* [Task instructions] With the pictures removed, please write out every line below exactly as given.

* [Given material]
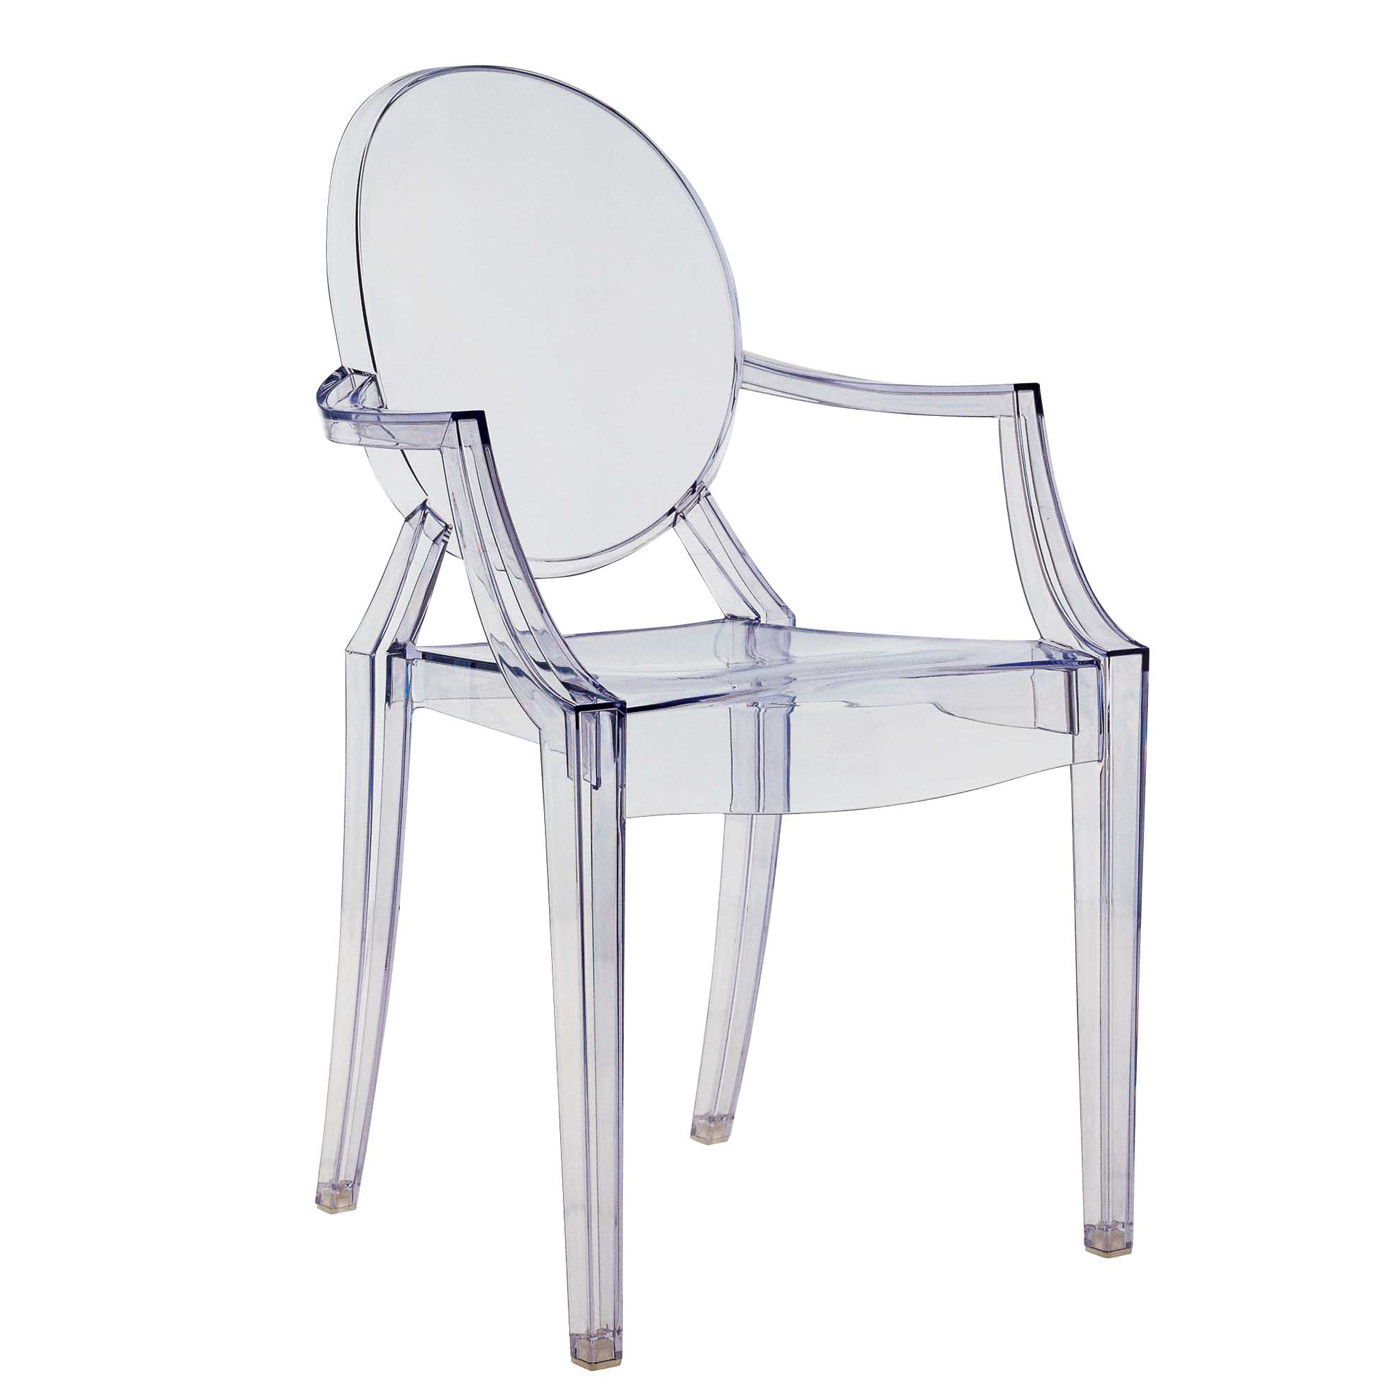 Fauteuil Louis Ghost De Philippe Starck kartell louis ghost 4852
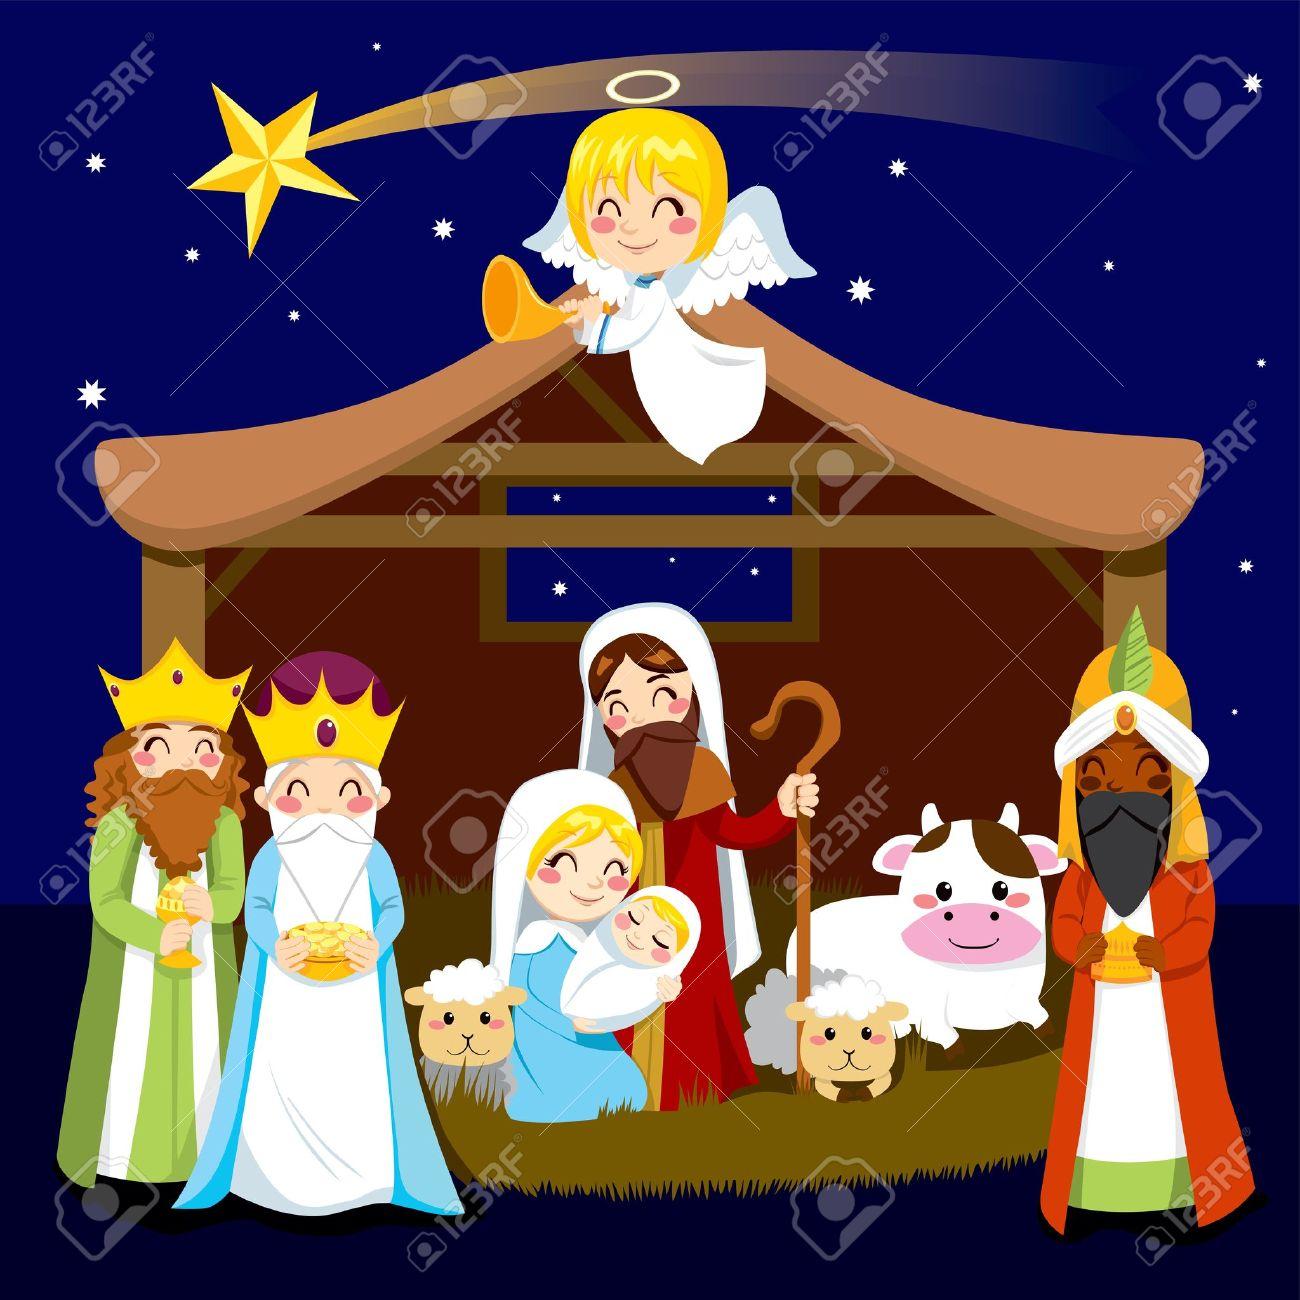 8,325 Christmas Nativity Cliparts, Stock Vector And Royalty Free.
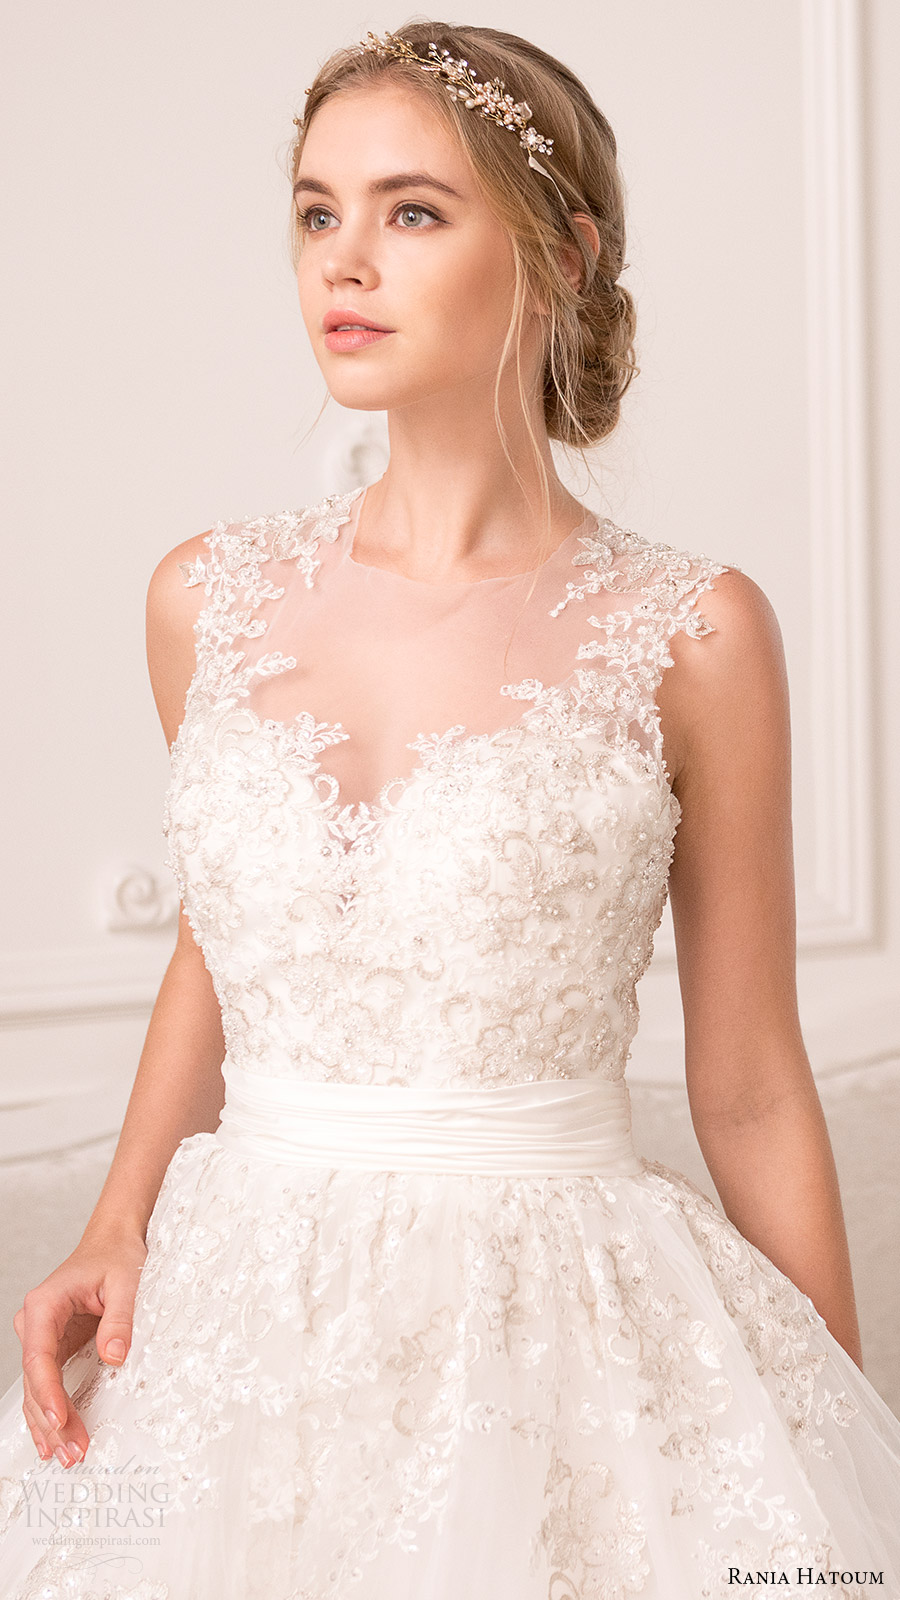 rania hatoum bridal spring 2017 sleeveless illusion jewel neck ball gown wedding dress (hazel) zfv beaded bodice
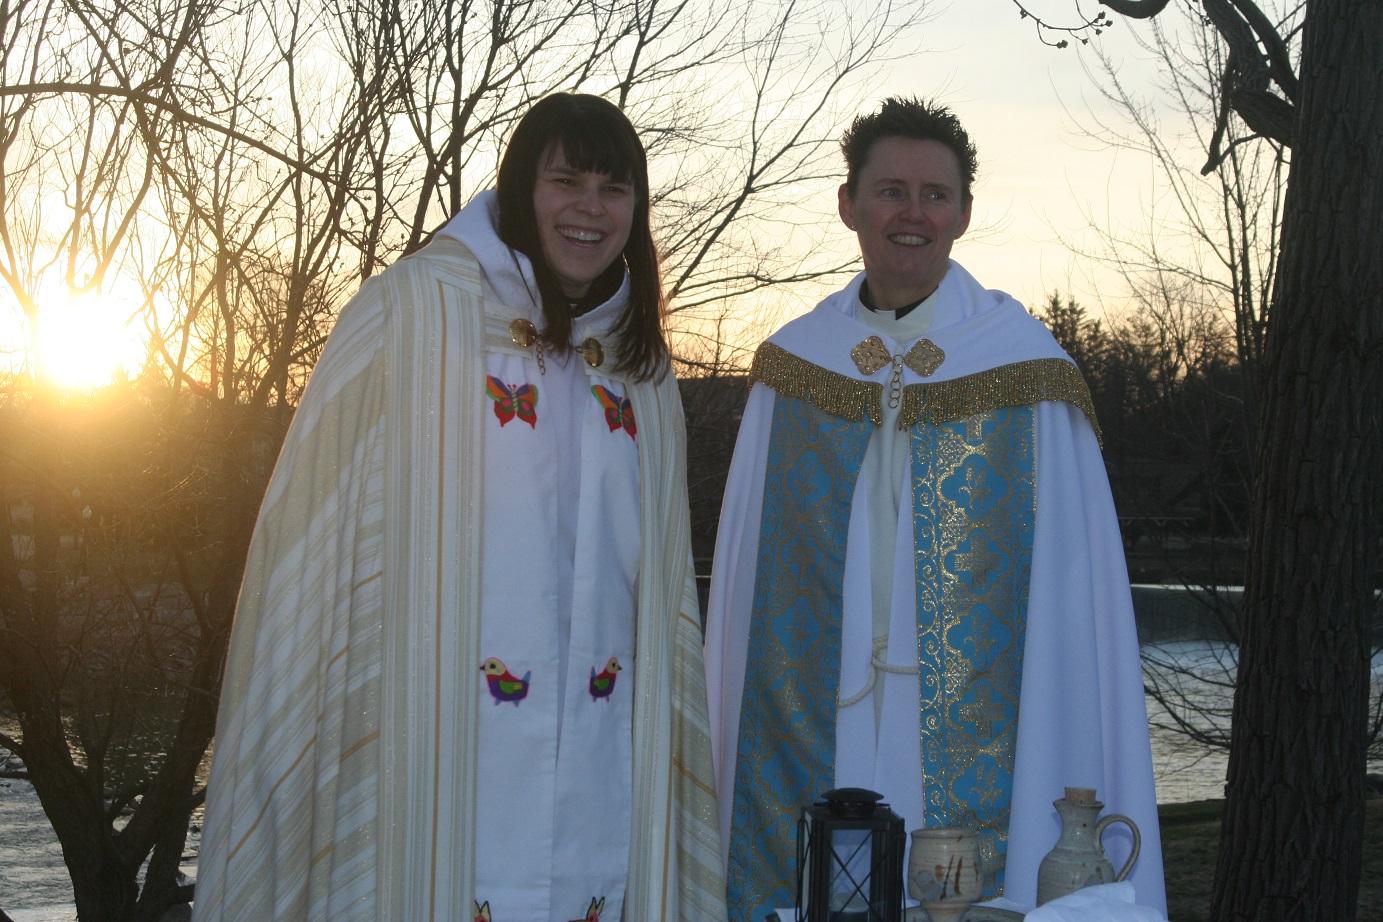 Rev. Margaret & Rev. Anne Anderson

* [Output of the task]
 Fauteuil Louis Ghost De Philippe Starck kartell louis ghost 4852
 8,325 Christmas Nativity Cliparts, Stock Vector And Royalty Free.
 rania hatoum bridal spring 2017 sleeveless illusion jewel neck ball gown wedding dress (hazel) zfv beaded bodice
 Rev. Margaret & Rev. Anne Anderson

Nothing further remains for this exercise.